WAR and conflict are terrible things. In recent months, we have seen the rising conflict between Iran and Israel due to the situation in the Gaza Strip, which then escalated due to Israel’s military strike on an Iranian diplomatic compound in Syria. Yesterday, we may have seen this conflict escalate once again due to Iran’s retaliatory military strike on Israel for the above reasons. Although what is happening is thousands of miles away from Malaysia, it can have a drastic effect on our country, both positively and negatively, especially when it comes to our oil trade.

During the Russia-Ukraine war, global oil prices spiked, with prices rising above US$100 at their peak due to sanctions placed on Russia. A similar pattern may emerge if Western countries, particularly the United States, decide to increase sanctions on Iran. Iran produces around 3 million barrels of oil a year. Goldman Sachs predicts that a cut of 1 million barrels a day of oil could increase oil prices by US$10, a development that is worrisome if heavy sanctions are placed. Moreover, Iran controls most of the islands in the Strait of Hormuz, a critical chokepoint. If Iran were to impose a blockade, it could prevent oil shipments, potentially shocking the entire market as 17 million barrels travel through it every day, hence leading to an increase in oil prices.

Moreover, this increase in oil prices has both positive and negative ramifications for Malaysia. On the downside, even though Malaysia is an oil-producing country, much of the oil used for downstream production in Malaysia is not local oil. We produce very high-quality Tapis oil, most of which is exported, while we use lower-quality oil for most of our local uses.
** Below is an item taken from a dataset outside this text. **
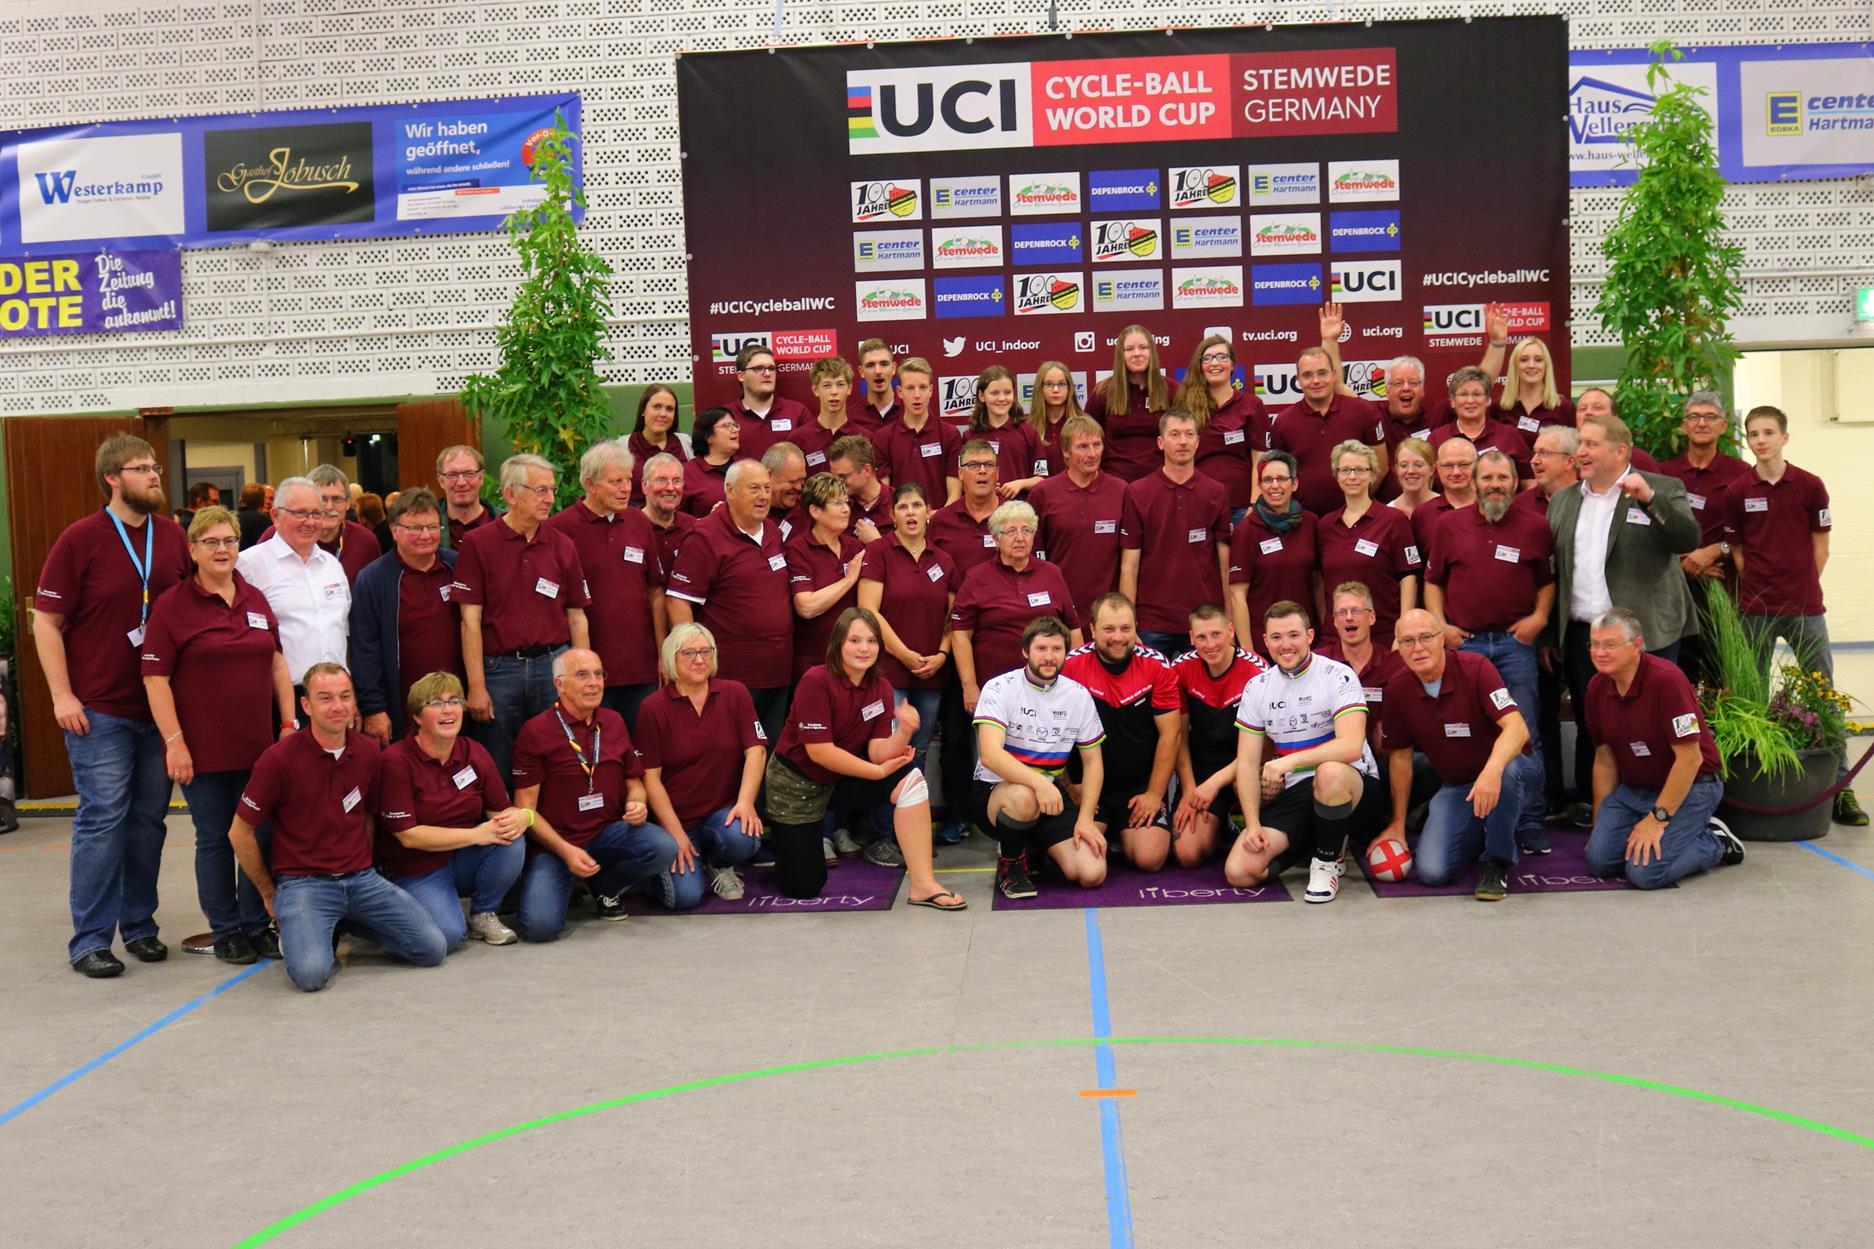 Die Weltmeister aus Österreich und unser Wildcard Team aus Iserlohn im Kreise der Helfenden.
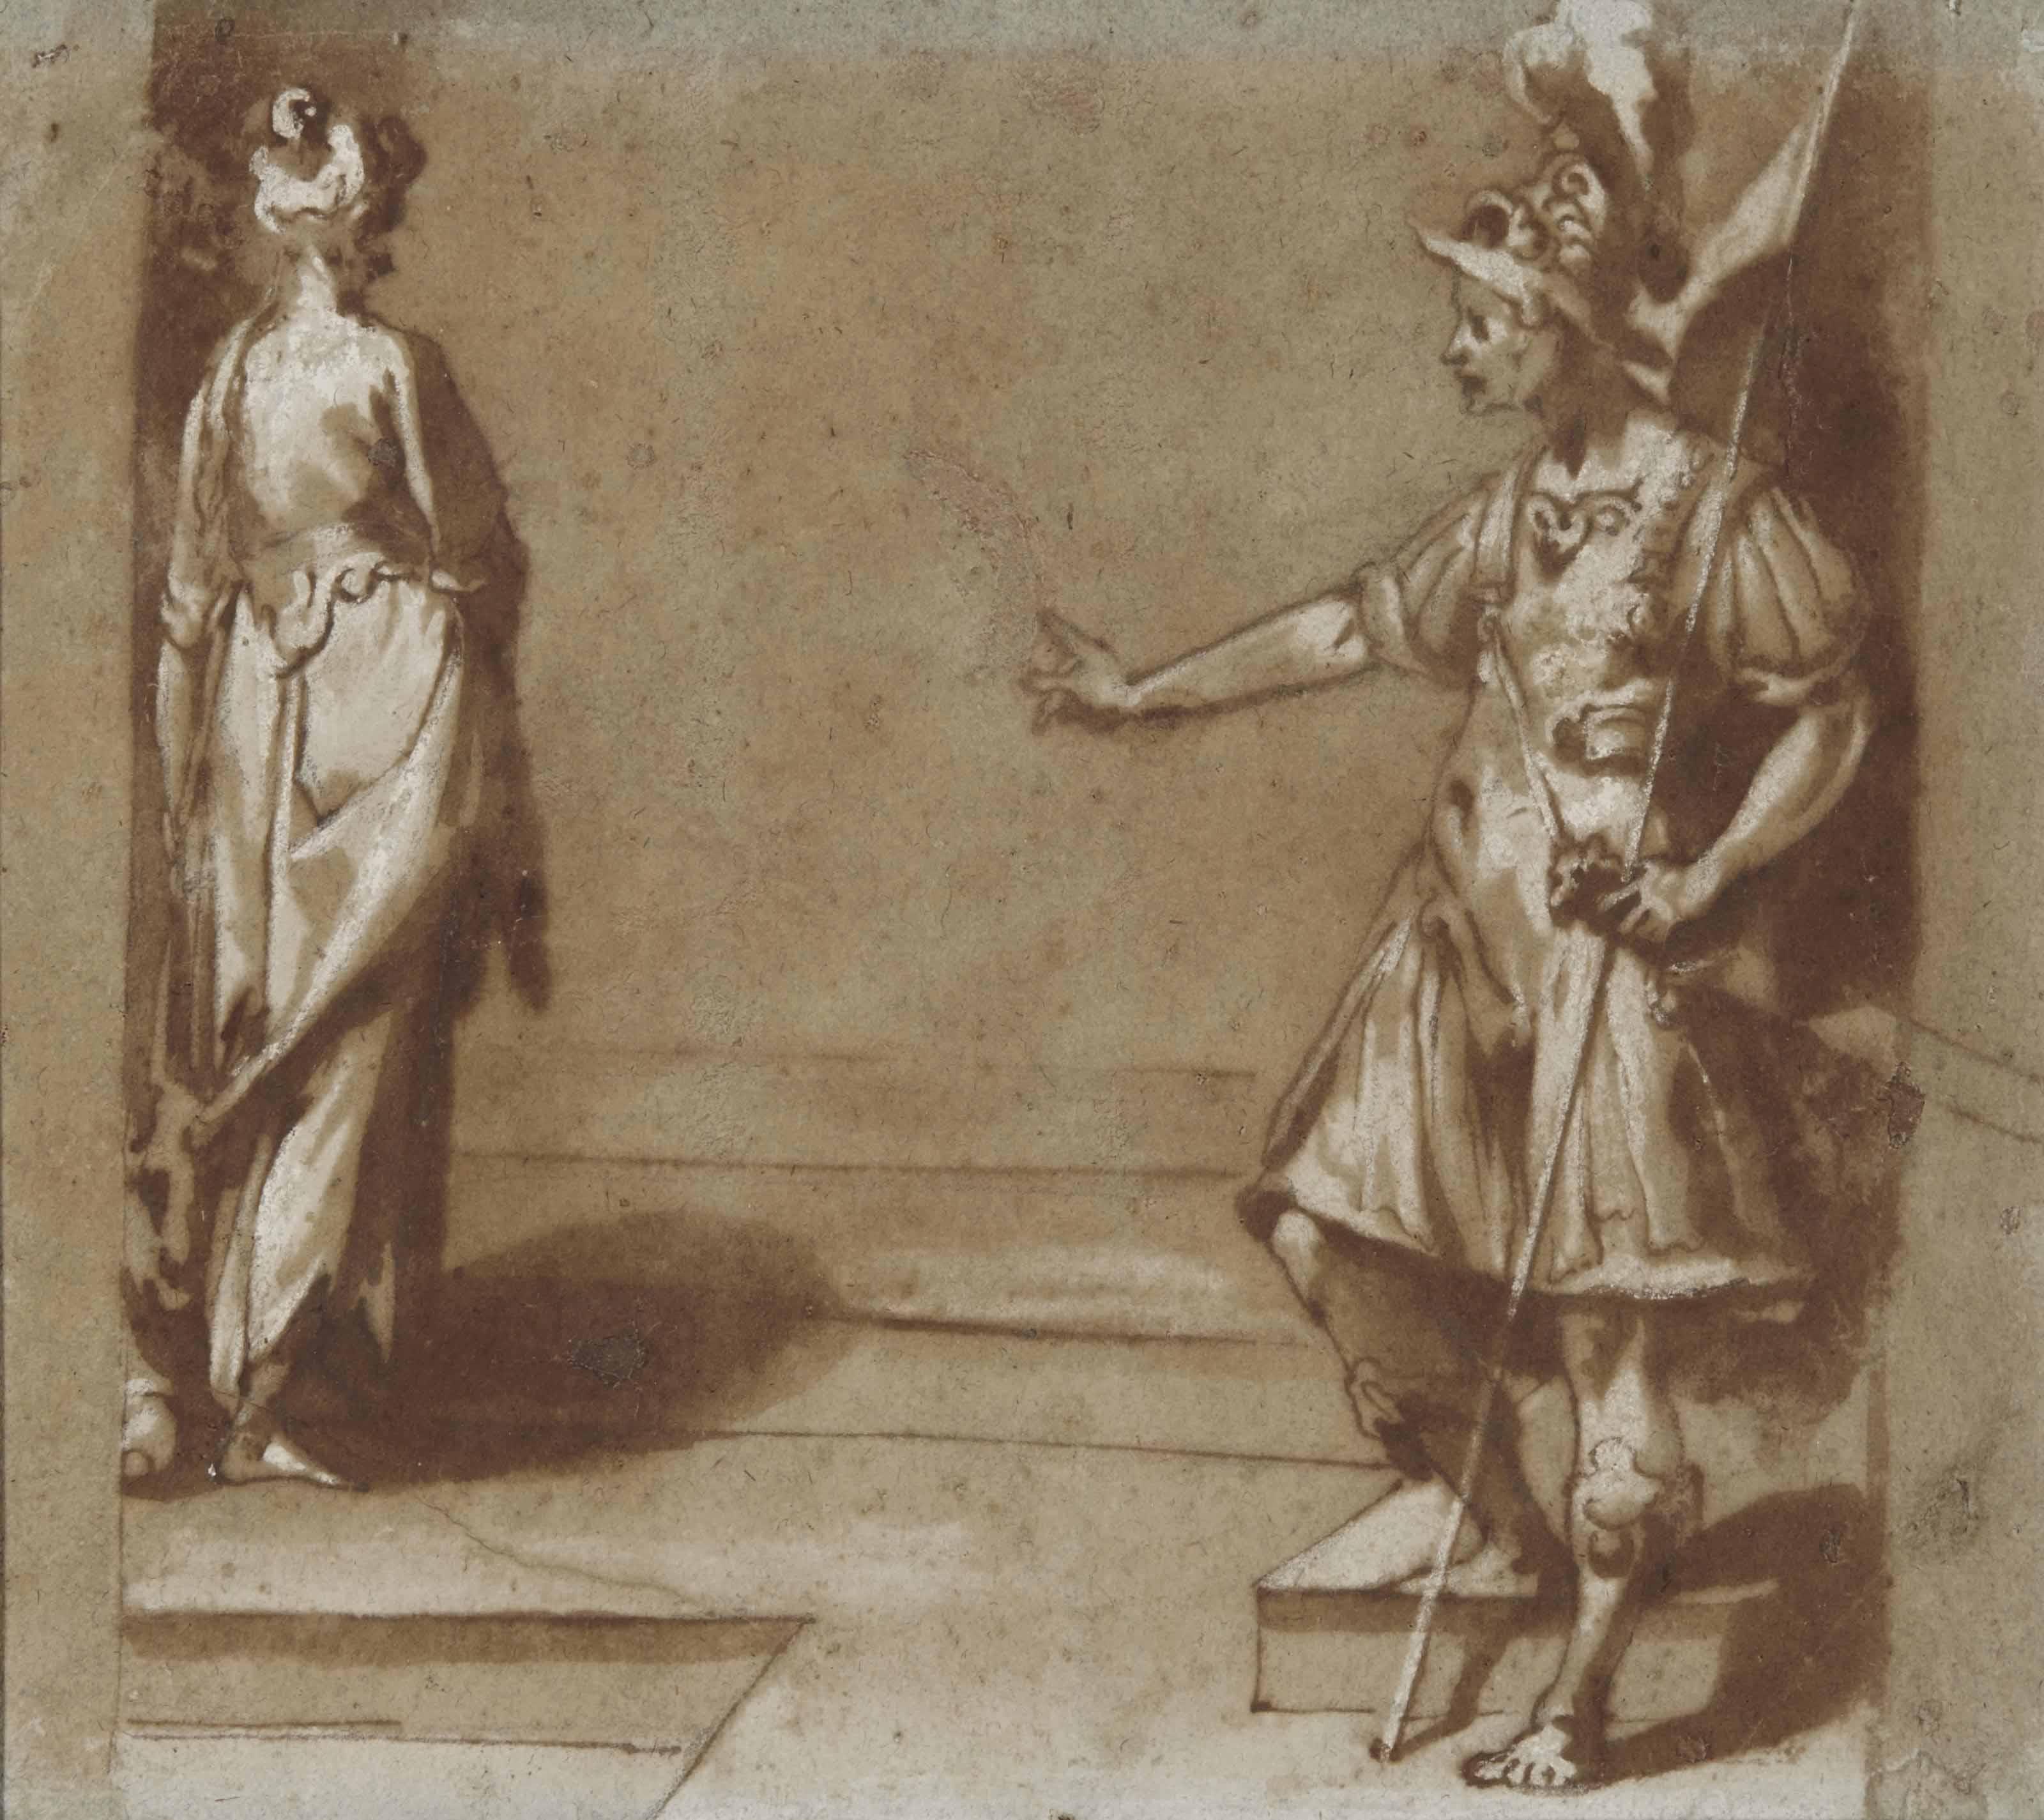 Soldat montrant du doigt une femme

Consequently, similar to the price hikes during the Russia-Ukraine conflict, we may see an increase in fuel prices. For instance, on March 10, 2022, fuel prices increased to RM3.75 from RM3.27 on February 24 of the same year, a staggering 0.48 sen increase per litre in a short period. This impact could have been more severe if there was no price ceiling and if the Malaysian government had not subsidised fuel prices, which is an expensive burden on the government. Rising fuel costs mean increased government spending on subsidies.

On the other hand, there are potential benefits for Malaysian oil and gas companies. An increase in global oil prices can significantly boost revenue due to a shortage of supply. For every one-dollar increase in oil prices, Malaysia can gain RM320 million in revenue. This additional income can help improve the Malaysian balance sheet. The extra funds could be used to support more government projects that benefit Malaysians, such as investments in infrastructure and education. This financial boost could be instrumental for the Madani government as it plans to implement the Madani framework and NIMP, enabling more funds for their projects next year. Additionally, the increased revenue could also help reduce our national debt.

At the end of the day, whether it is more positive or negative depends on the balance between the revenue made from the increased price of oil and the increase in expenses that it may cause the government. – April 16, 2024.

* Yugendran T Kannu Sivakumaran reads the Malaysian Insight.